**About this exercise:** Images are not wanted; transcribe the rest of the listing exactly.

Top of Source data

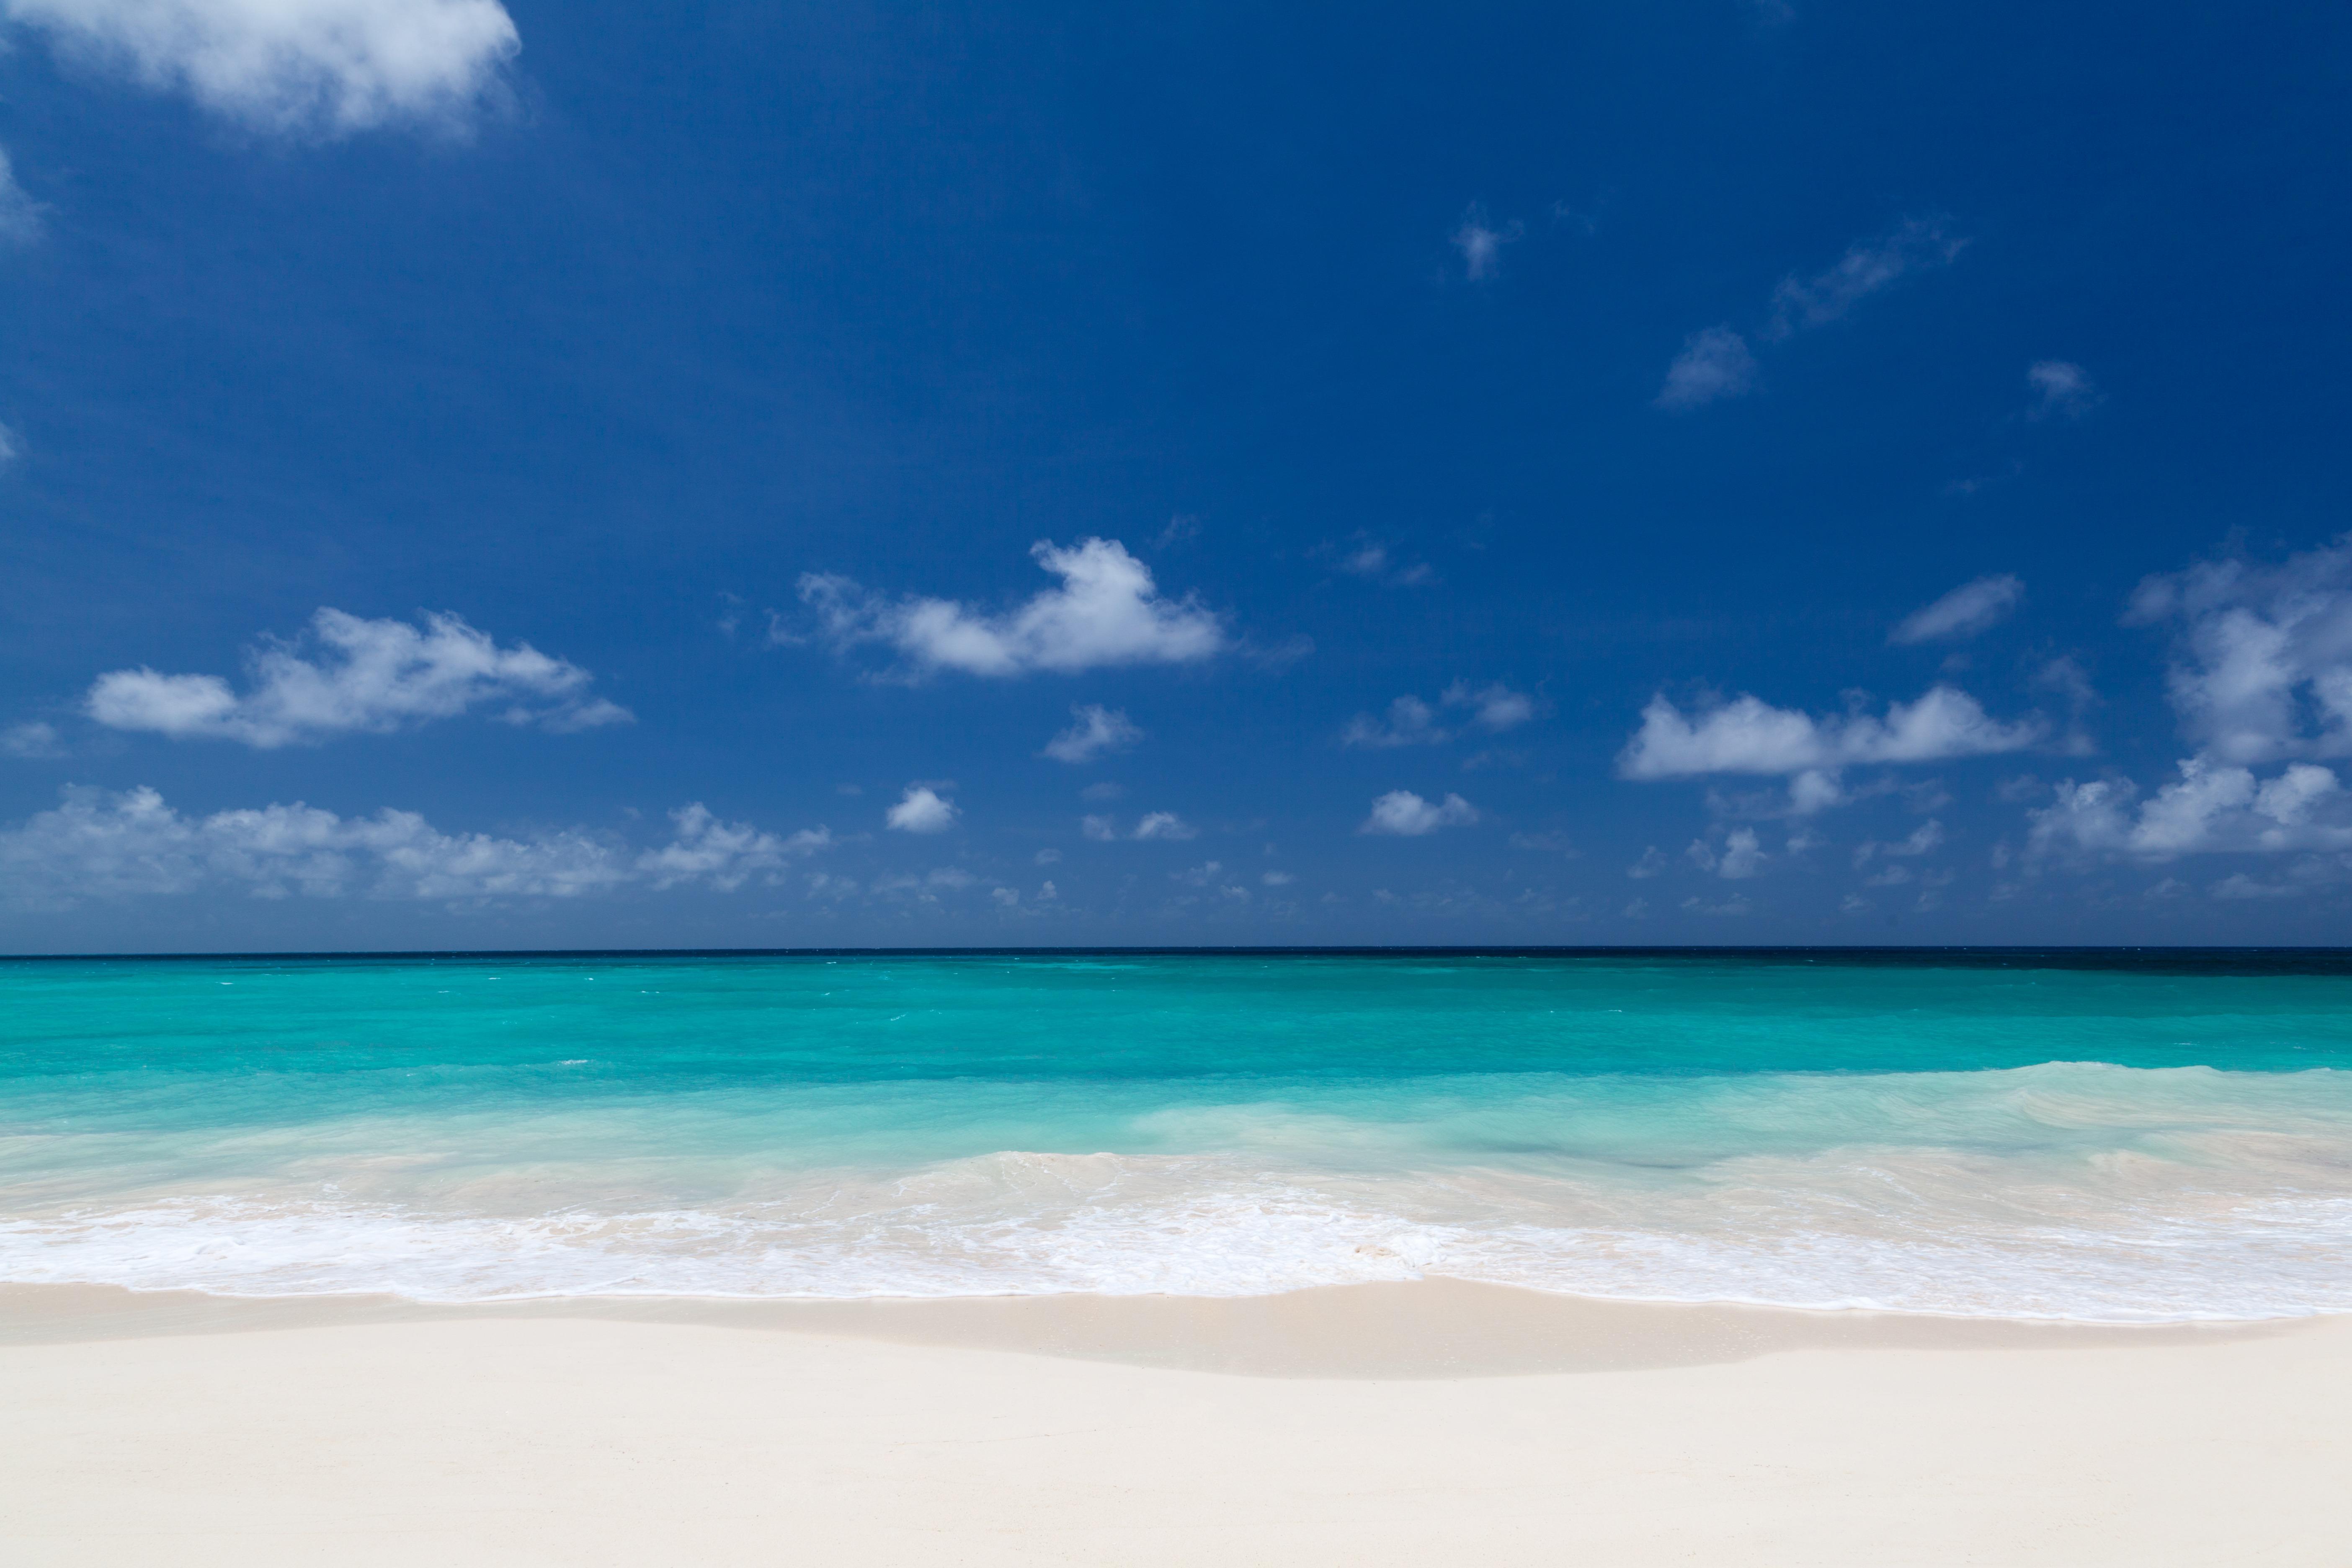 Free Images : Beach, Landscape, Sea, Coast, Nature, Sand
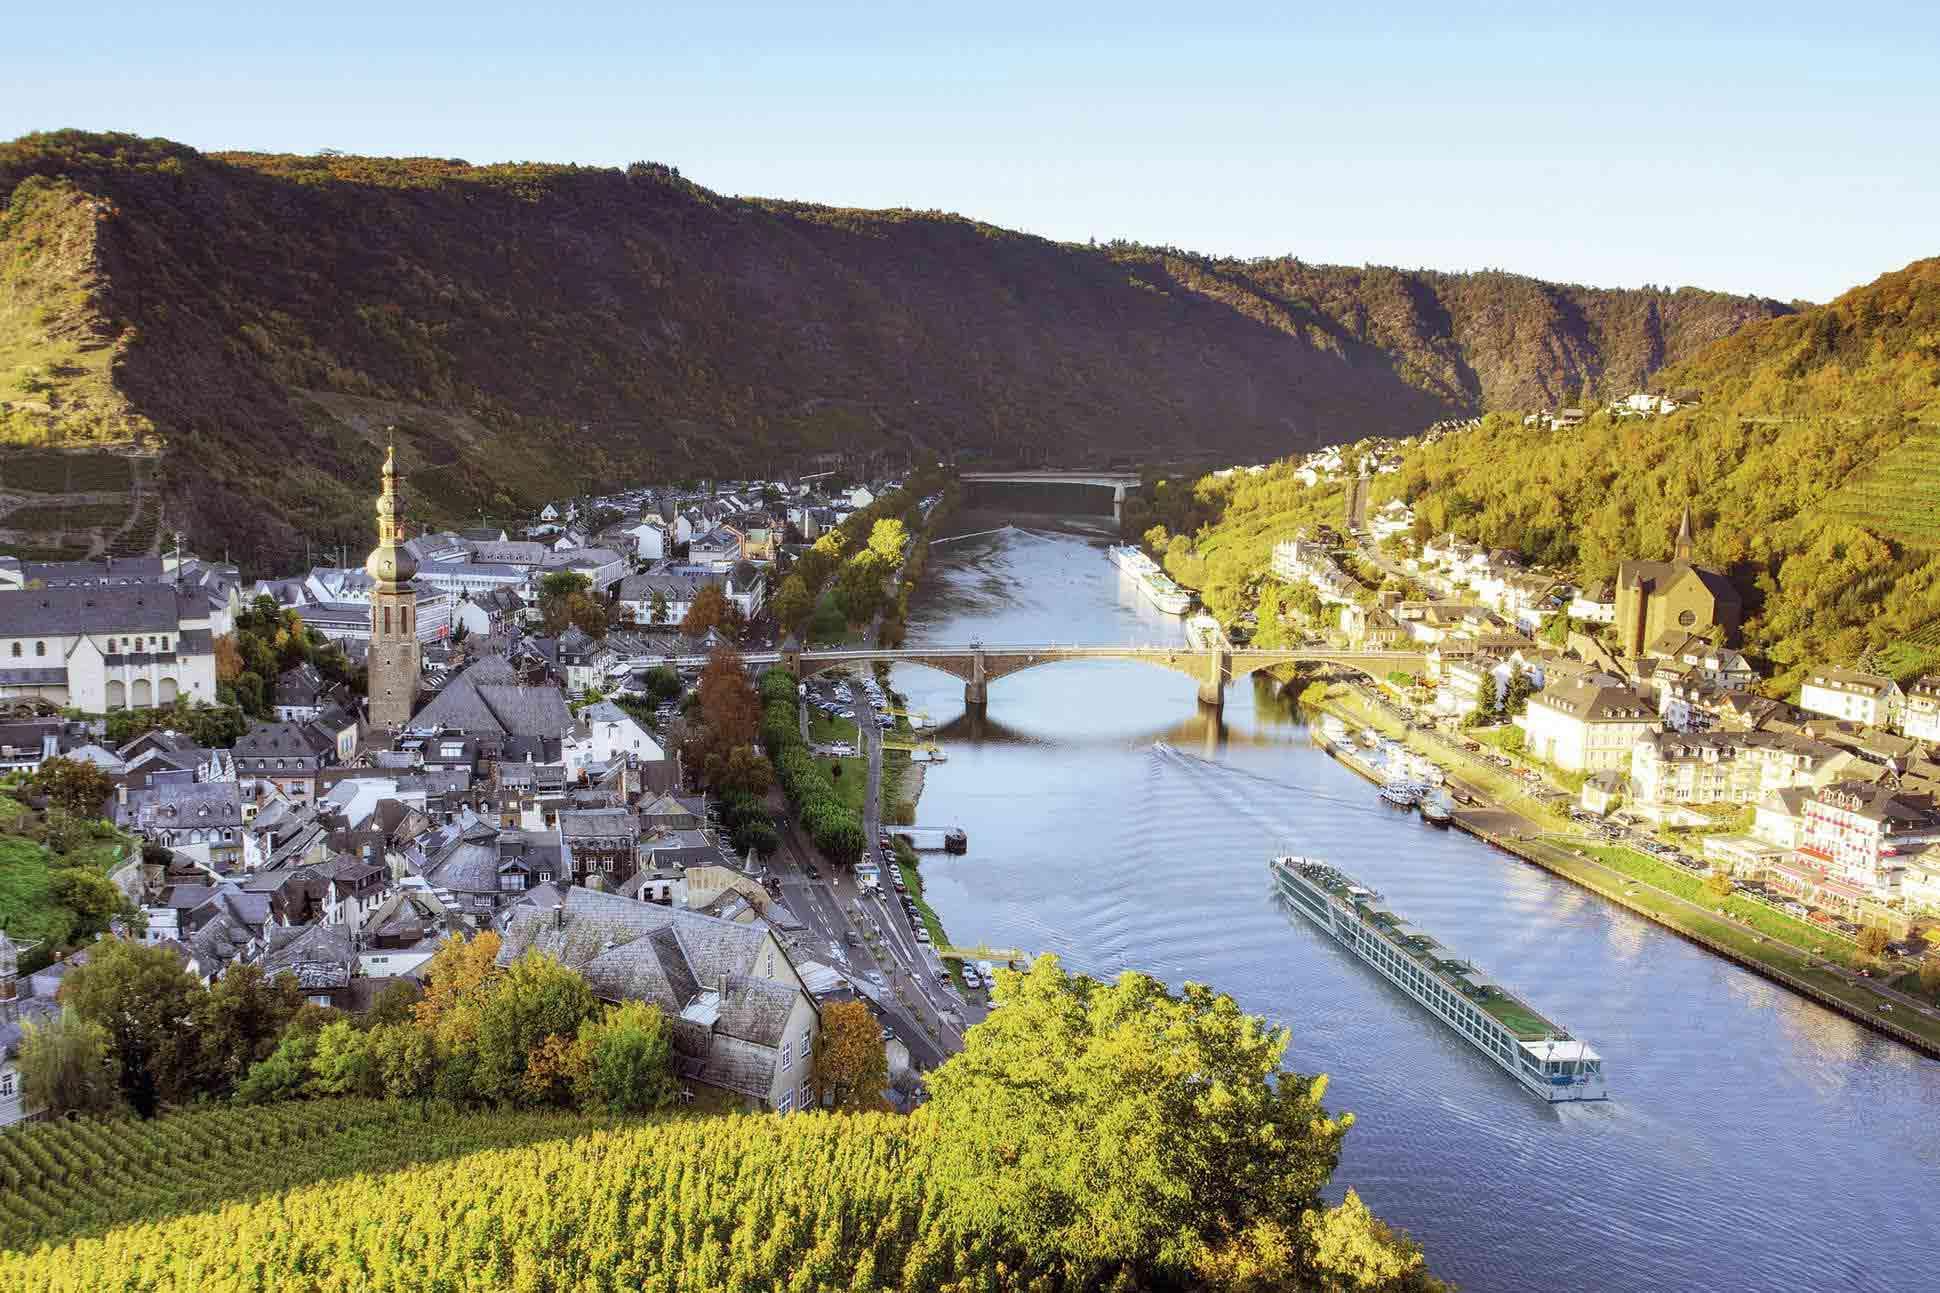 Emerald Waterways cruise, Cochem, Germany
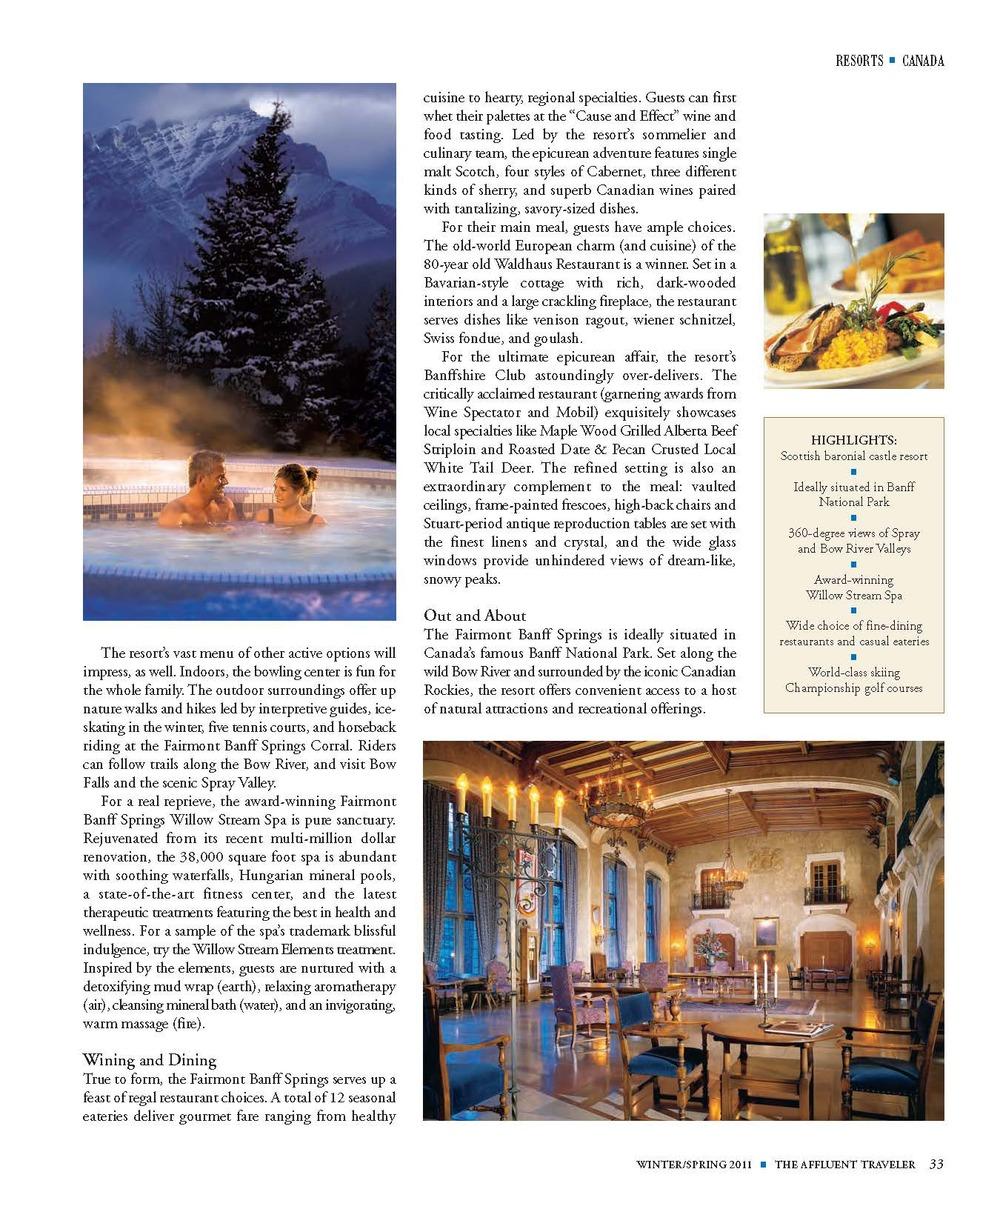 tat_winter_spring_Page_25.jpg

Bottom of Source data

**Response below:**
 Free Images : Beach, Landscape, Sea, Coast, Nature, Sand
 Emerald Waterways cruise, Cochem, Germany
 tat_winter_spring_Page_25.jpg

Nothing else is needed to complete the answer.